Graham David J, Clitherow Harry D S, Singh Harvinder P, Clarke Elizabeth C, Smith Belinda J, Tonkin Michael A
Department of Hand Surgery and Peripheral Nerve Surgery, Royal North Shore Hospital, Sydney, Australia.
Murray Maxwell Biomechanics Laboratory, Kolling Institute of Medical Research, University of Sydney, Sydney, Australia.

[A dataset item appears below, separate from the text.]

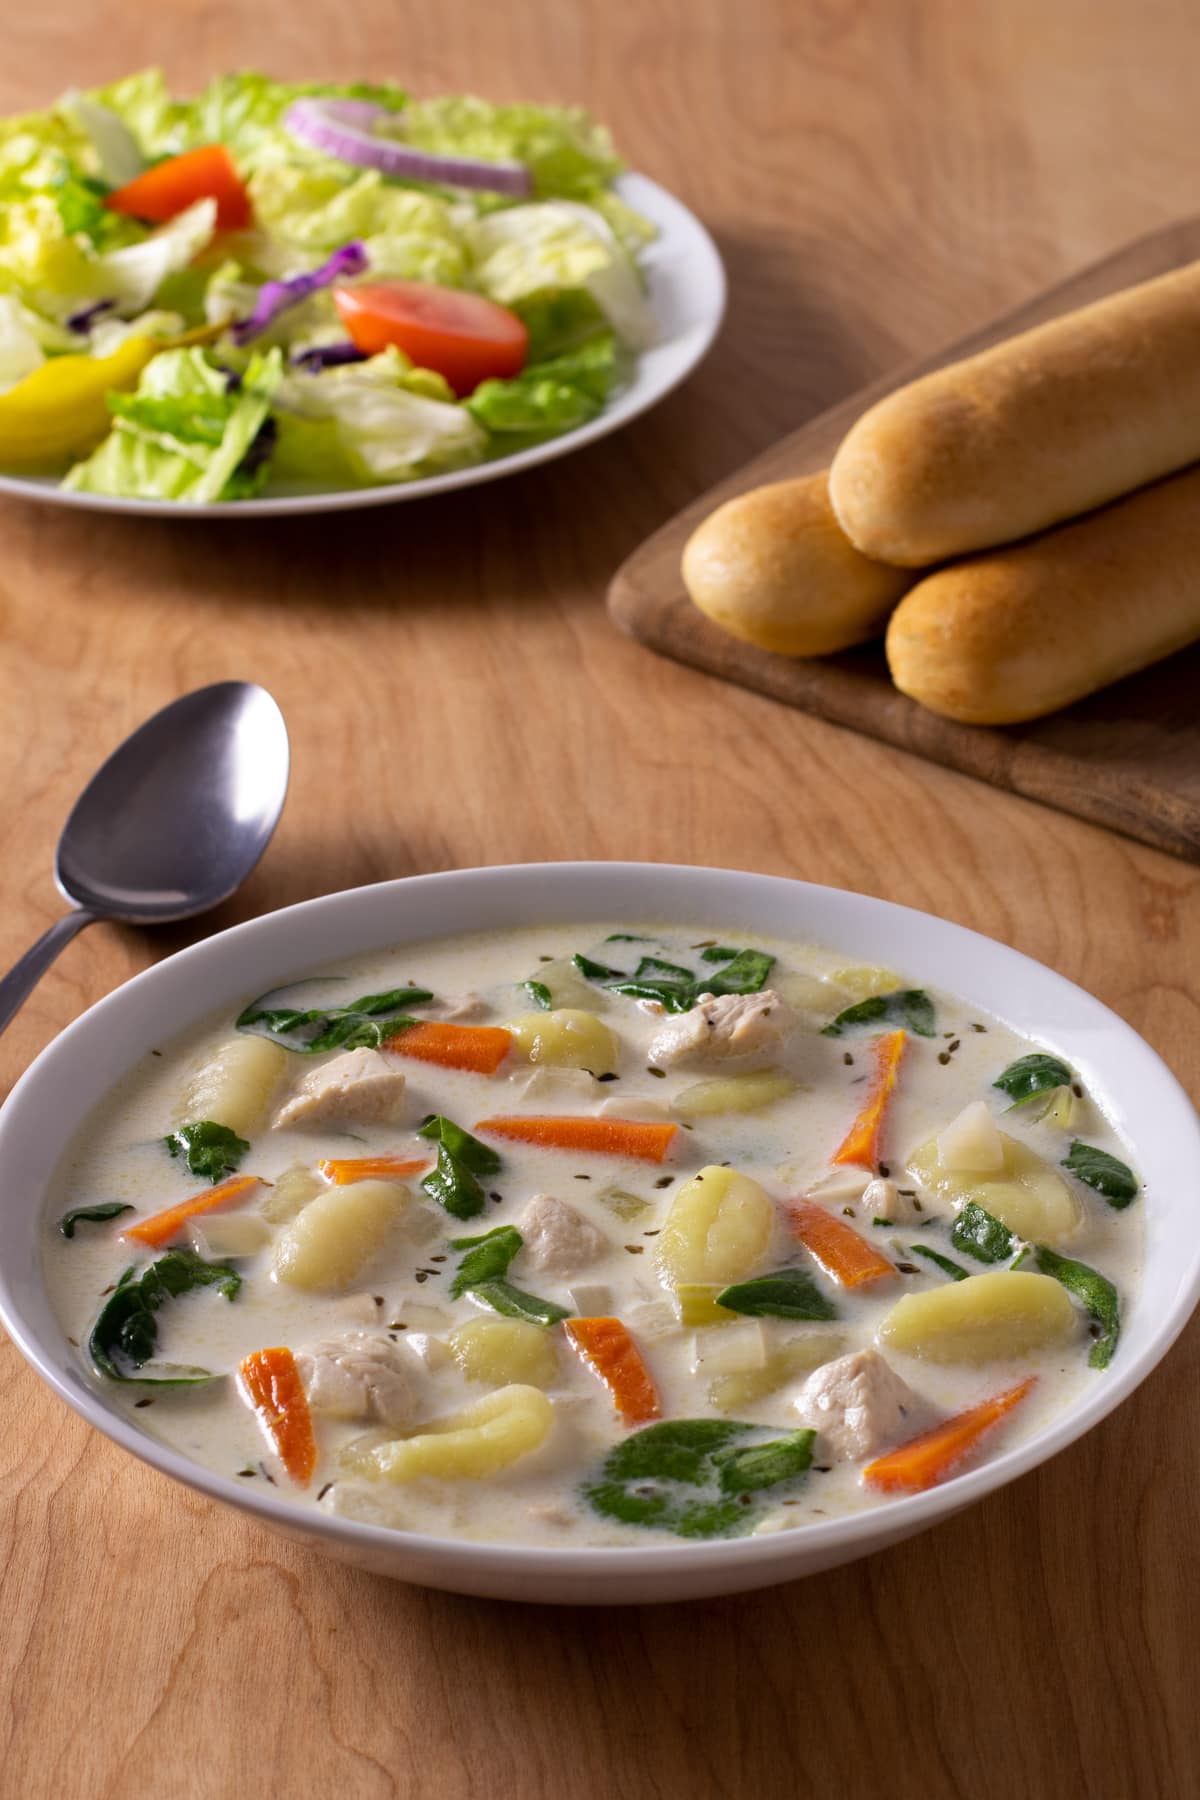 Chicken Gnocchi Soup with spinach and carrots in a creamy broth. Breadsticks and garden salad in background.

J Hand Surg Am. 2019 Oct;44(10):903.e1-903.e5. doi: 10.1016/j.jhsa.2018.12.011. Epub 2019 Feb 4.
To quantify the amount and pattern of finger range of motion loss at the metacarpophalangeal (MCP), proximal interphalangeal (PIP), and distal interphalangeal (DIP) joints with a simulated extensor tendon adhesion at the level of the proximal phalanx or metacarpal.
In 10 cadaveric specimens, traction sutures were placed in the forearm extensor digitorum communis and flexor digitorum profundus tendons of the middle and ring fingers. Active motion was simulated by suspending weights from the traction sutures via pulleys. The angles of the MCP, PIP, and DIP joints were measured at the position of maximum flexion and extension. Extensor tendon adhesions were simulated alternately at the proximal phalanx and metacarpal levels of the middle and ring fingers, using suture anchors. Repeat measurements were taken using the same amount of force.
There was an average total loss of flexion of 38° and of extension of 6° with a proximal phalanx adhesion, with a greater contribution of flexion loss at the PIP joint. The loss of flexion was 17° and of extension was 50° with a metacarpal adhesion, with a loss of extension mostly at the MCP joint.
The results of this study identified clear patterns of motion loss that are associated with isolated simulated adhesions in different locations along the extensor mechanism. The greatest motion loss occurred at the joint immediately distal to the simulated adhesion.
Although extrapolation of these findings to clinical relevance remains unclear, the ability to predict the level of adhesion by the pattern of motion restriction may allow for a targeted tenolysis procedure. This would reduce the amount of soft tissue dissection required, which in turn, could be expected to reduce the degree of repeat adhesion formation.
量化在近端指骨或掌骨水平模拟伸肌腱粘连时,掌指(MCP)、近端指间(PIP)和远端指间(DIP)关节的手指活动度丧失的量和模式。
在10个尸体标本中,在前臂的中指和环指的指总伸肌腱和指深屈肌腱中放置牵引缝线。通过滑轮从牵引缝线上悬挂重物来模拟主动运动。在最大屈曲和伸展位置测量MCP、PIP和DIP关节的角度。使用缝线锚钉在中指和环指的近端指骨和掌骨水平交替模拟伸肌腱粘连。使用相同的力量进行重复测量。
近端指骨粘连时,平均屈曲总丧失为38°,伸展总丧失为6°,PIP关节的屈曲丧失贡献更大。掌骨粘连时,屈曲丧失为17°,伸展丧失为50°,伸展丧失主要发生在MCP关节。
本研究结果确定了与伸肌机制不同位置的孤立模拟粘连相关的明确活动丧失模式。最大的活动丧失发生在模拟粘连紧邻的远端关节。
尽管这些发现与临床相关性的推断仍不明确,但通过活动受限模式预测粘连水平的能力可能允许进行有针对性的肌腱松解手术。这将减少所需的软组织分离量,进而有望减少重复粘连形成的程度。